Problem to solve -
Repeat what the lines below say, word for word, and skip every image.

Provided data -
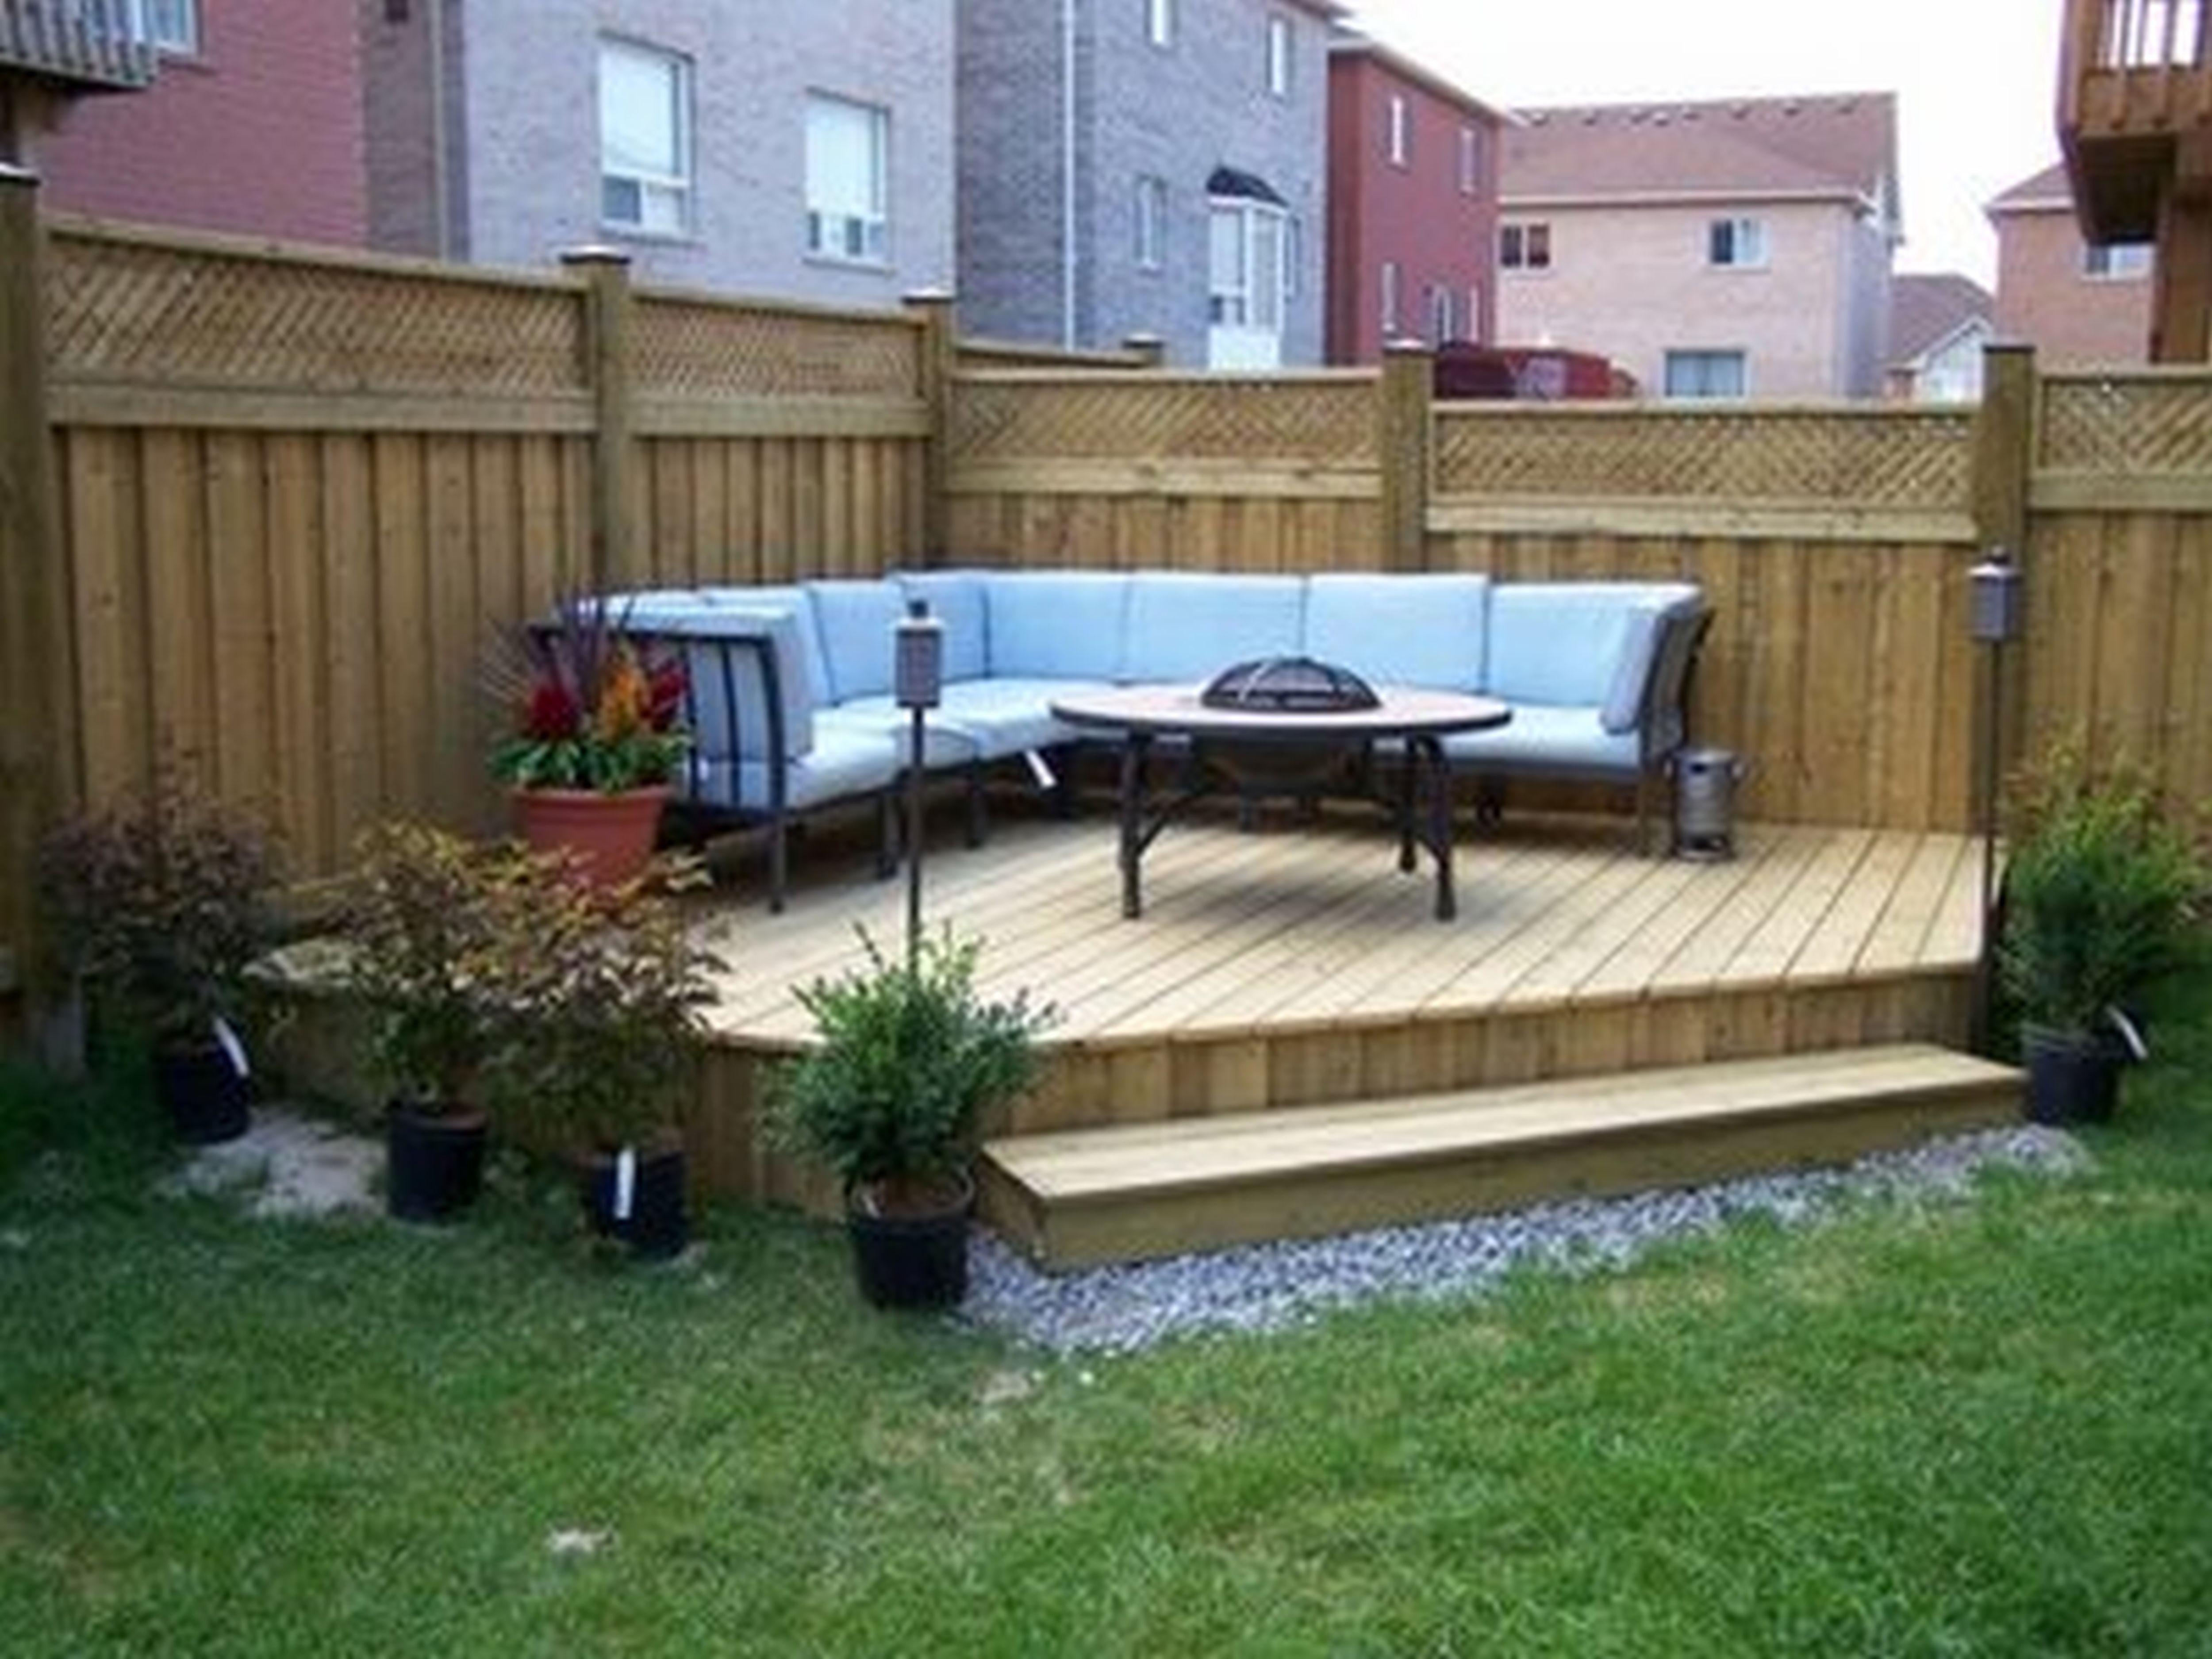 Backyard landscape ideas on a budget - large and beautiful ... on Backyard Designs On A Budget id=51413
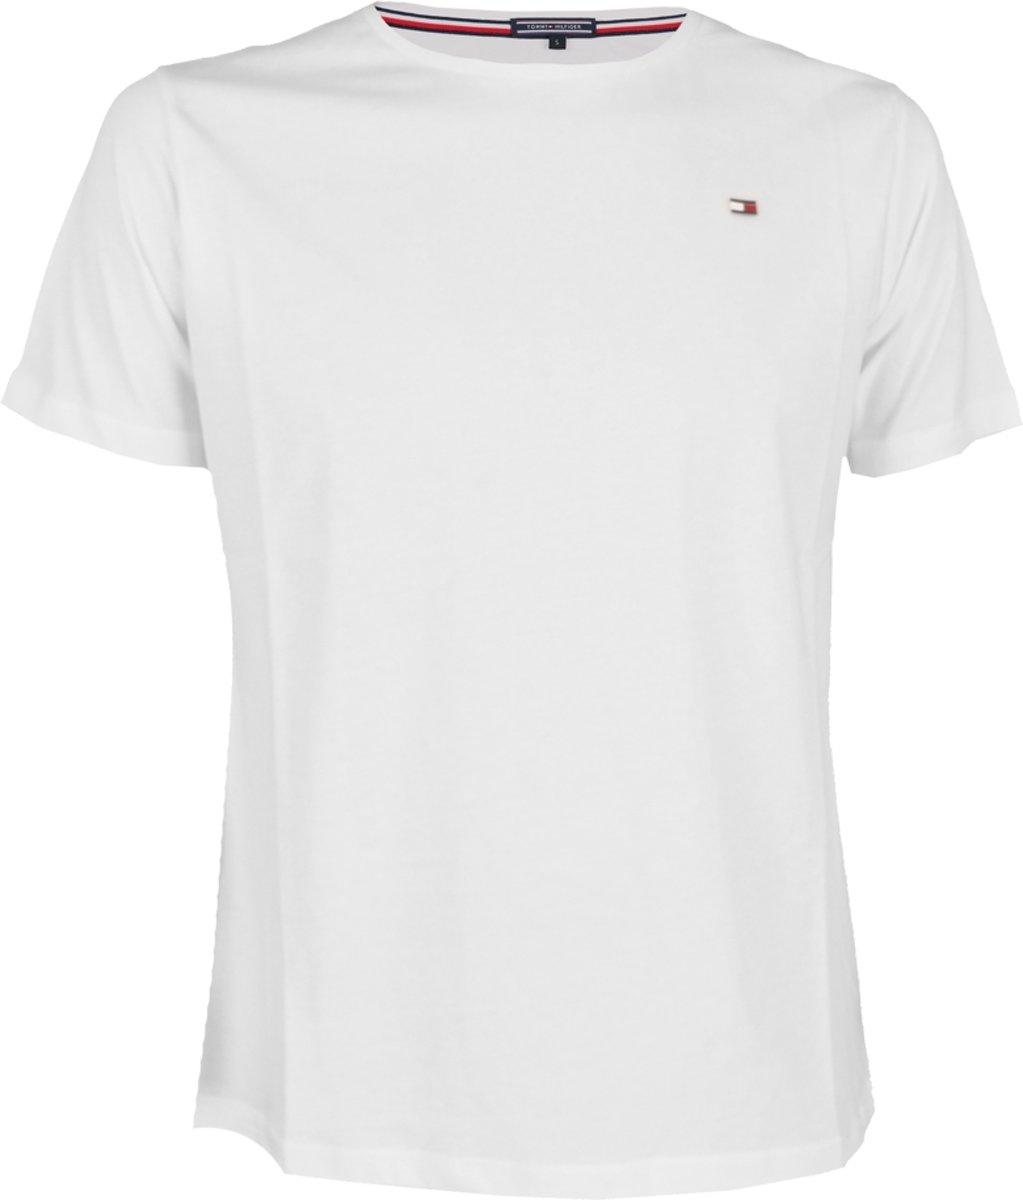 Tommy Hilfiger Icon Ronde Hals T Shirt Wit L
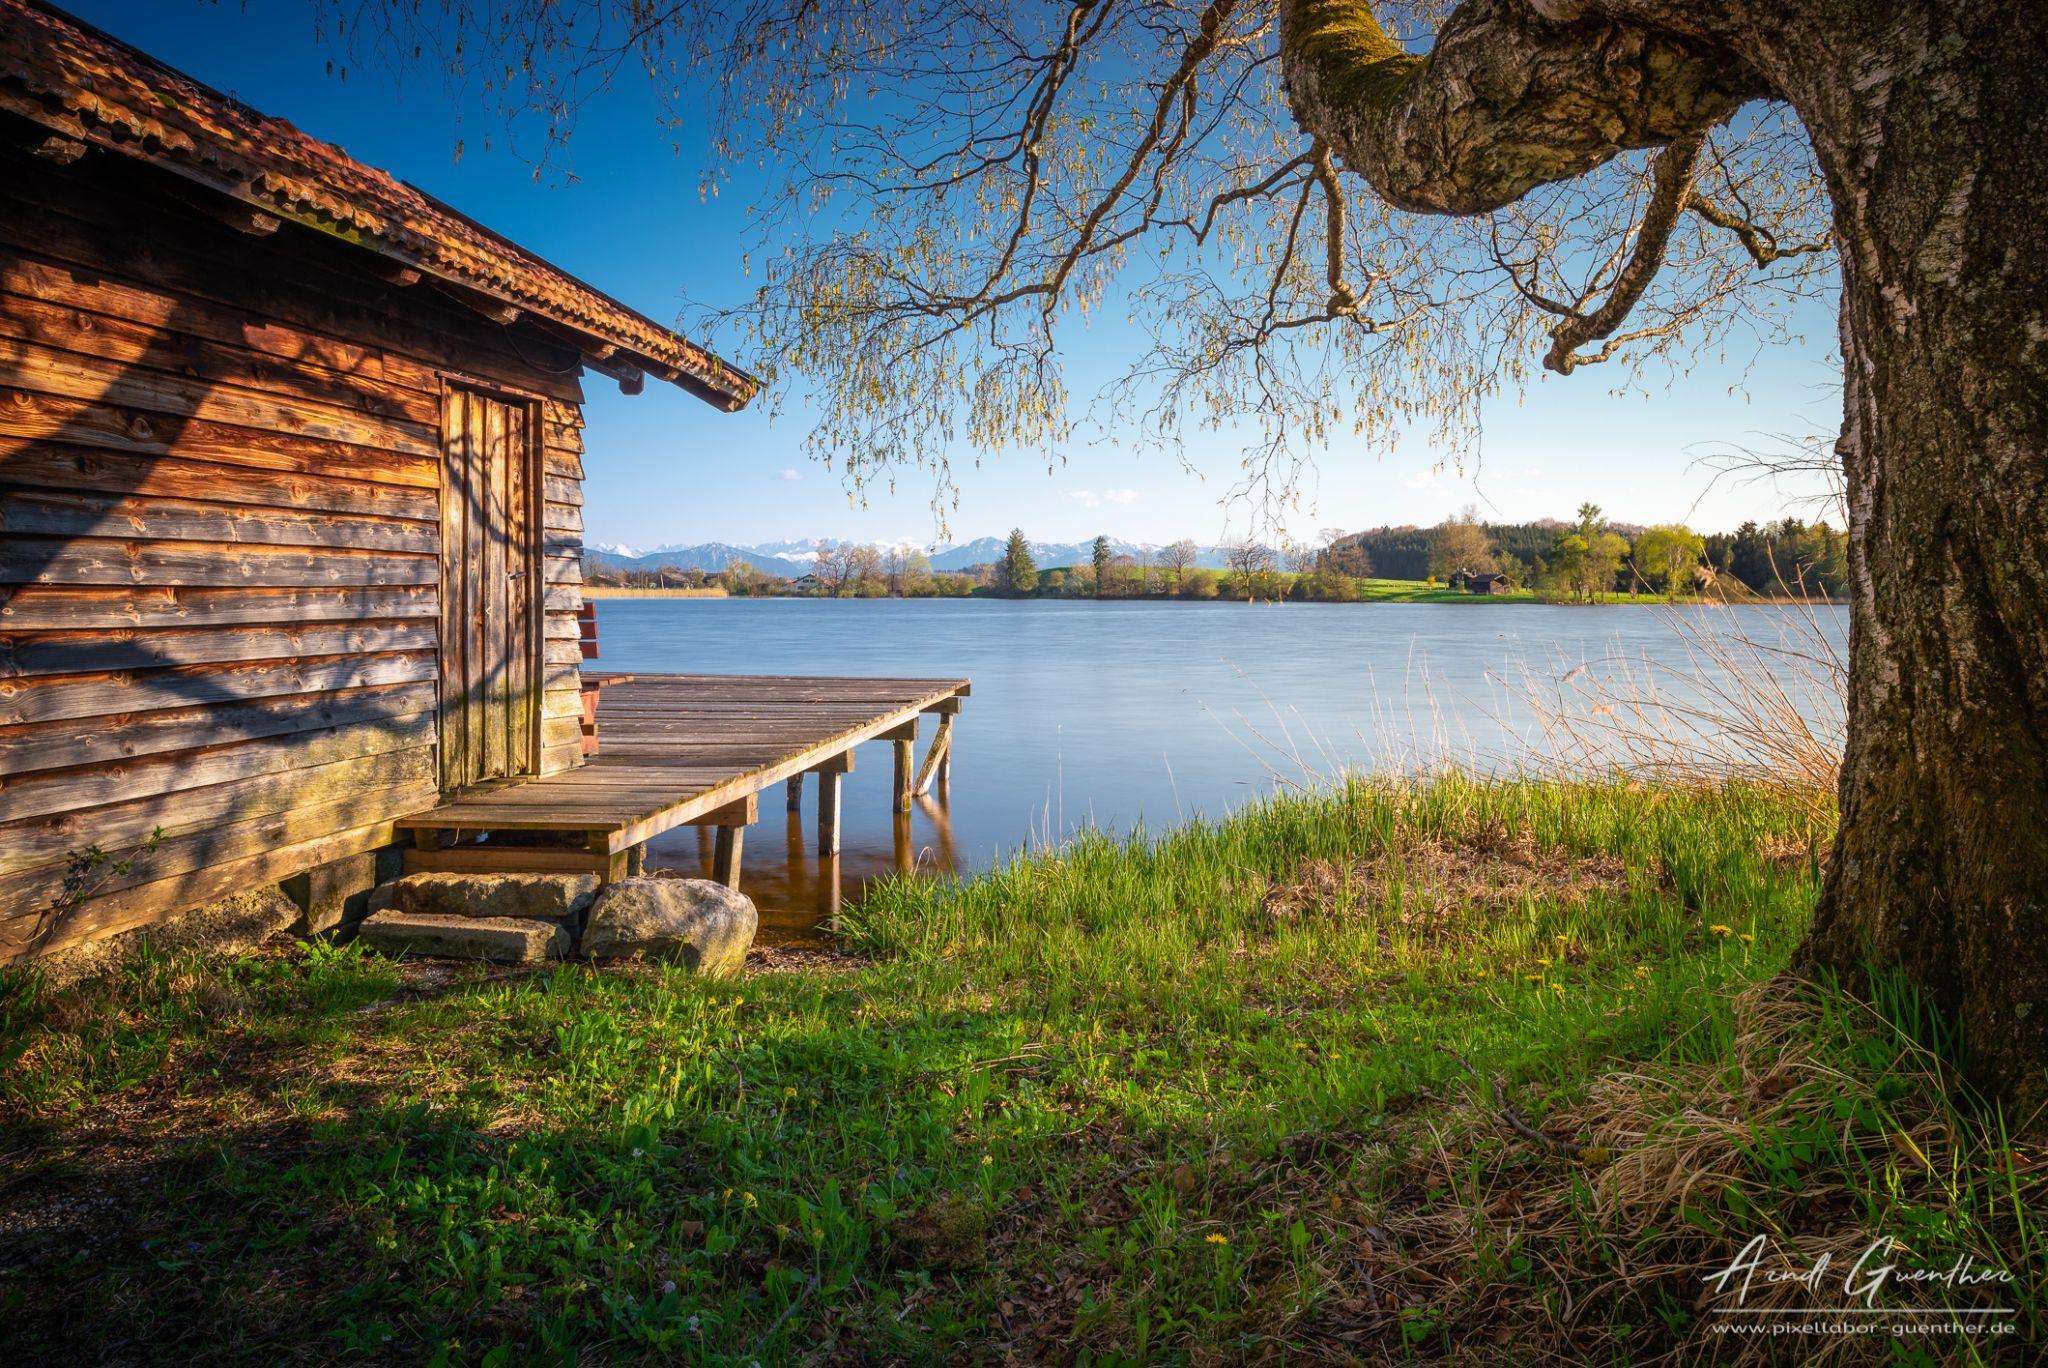 Nussberg Pond, Germany

Expected output -
 Backyard landscape ideas on a budget - large and beautiful ... on Backyard Designs On A Budget id=51413
 Tommy Hilfiger Icon Ronde Hals T Shirt Wit L
 Nussberg Pond, Germany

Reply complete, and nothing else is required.